Can technology help automotive? Today, AI, IoT, etc., provide great opportunities to solve the current challenges of OEMs. With computation power becoming a commodity and a huge amount of data generated from hundreds of sensors in a modern automobile, such tools and technologies can provide great insights. Let's look at how technology can come to automotive's aid:

  • Monitoring: A digital twin of a component can help remotely monitor the vehicle's performance in the market. A trained ML algorithm can easily highlight any anomaly in the performance and help in proactive problem resolution.
  • MTTR reduction: A digital twin can speed up the process of failure simulation and root cause analysis, reducing the MTTR (mean time to resolve problems). It can help in simulating multiple failure modes without taking the actual vehicle on the test track and simulating the failure on the track or a test rig. It can also aid in modifying parts and new part evaluations before fitment into the vehicle, making it more accurate and less time-consuming. A digital twin can reduce the product evaluation and testing time by at least 40%.
  • Tracking: A digital twin with the captured performance data of components can help accurately identify the affected vehicles that need to be recalled, thus saving billions of dollars of potential cost for the OEMs.

Let’s look at the entire recall journey for OEMs to understand their goals, expectations, pain points, and opportunities for technological interventions.

 

Digital twin of a suspension to resolve market complaintsTable 1: OEM's recall journey

How a digital twin helps: An example

Digital twins can help in two ways:

  • Through optimized product development, a product is launched with a higher specification and optimized based on data from the actual usage.
  • They also track the vehicle's performance in the market.

Let's take a simple example of the digital twin of a suspension and see how it can help resolve market complaints quickly. Assume a situation where a car goes over a bump. The car's suspension absorbs some bumps and passes on only a small amount of it. Figure 4 shows the movement of the car's body when it goes over a bump of 0.1 m. Similarly, taking the car over bumps of different heights will have different performance curves.

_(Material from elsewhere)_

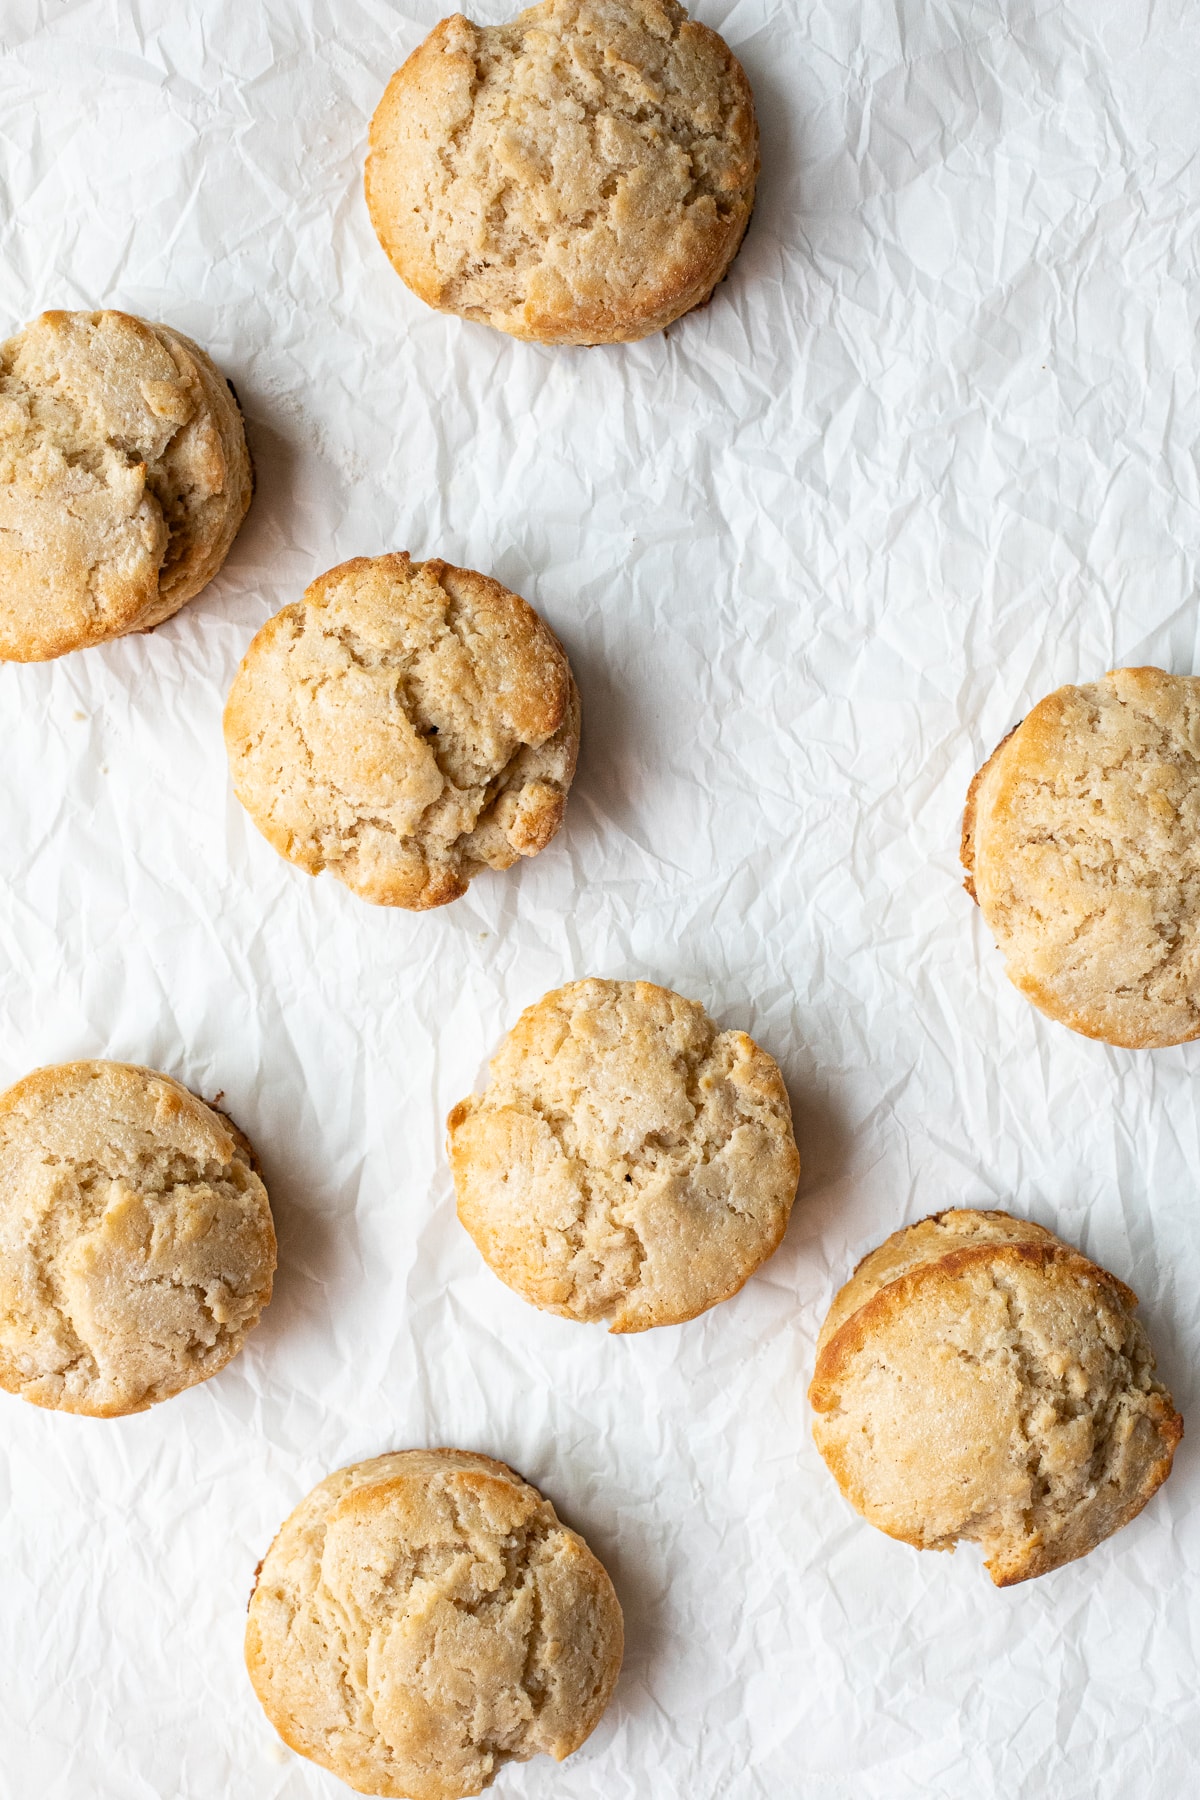 Overhead view of biscuits scattered across a sheet of crumpled parchment paper.

Digital twin of a suspension to resolve market complaintsFigure: 4

A car's suspension can be fitted with accelerometers that capture and transmit the acceleration values when the car goes over a bump. This acceleration data can be integrated to find the displacement. This car can then be sent over different profiles of bumps on a test track, or run in the market to capture the performance band of the suspension. Figure 5 explains how it would work.

A fleet of vehicles is run to consider the part-to-part variation caused by manufacturing. The entire performance data is analyzed and stored to create a performance band of the suspension, which looks like a normal distribution, as shown in figure 5.

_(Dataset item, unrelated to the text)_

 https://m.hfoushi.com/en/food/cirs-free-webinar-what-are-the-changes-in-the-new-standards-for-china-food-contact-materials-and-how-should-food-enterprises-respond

Digital twin of a suspension – checking for variation and anomalies

Figure: 5

After the vehicle's launch, the data from the sensors is analyzed for any anomalies in the real world. If there is any anomaly beyond the normal working range, the part or manufacturing process can be modified to resolve it.

Any complaint can be analyzed using the suspension data for root cause analysis. Modifications can be done without waiting for the actual vehicle. An AI/ML model can be trained to predict and notify any potential issue to the OEM. For instance, a trained ML algorithm can analyze the data observed in figure 6, it can easily infer that it's due to bush wear.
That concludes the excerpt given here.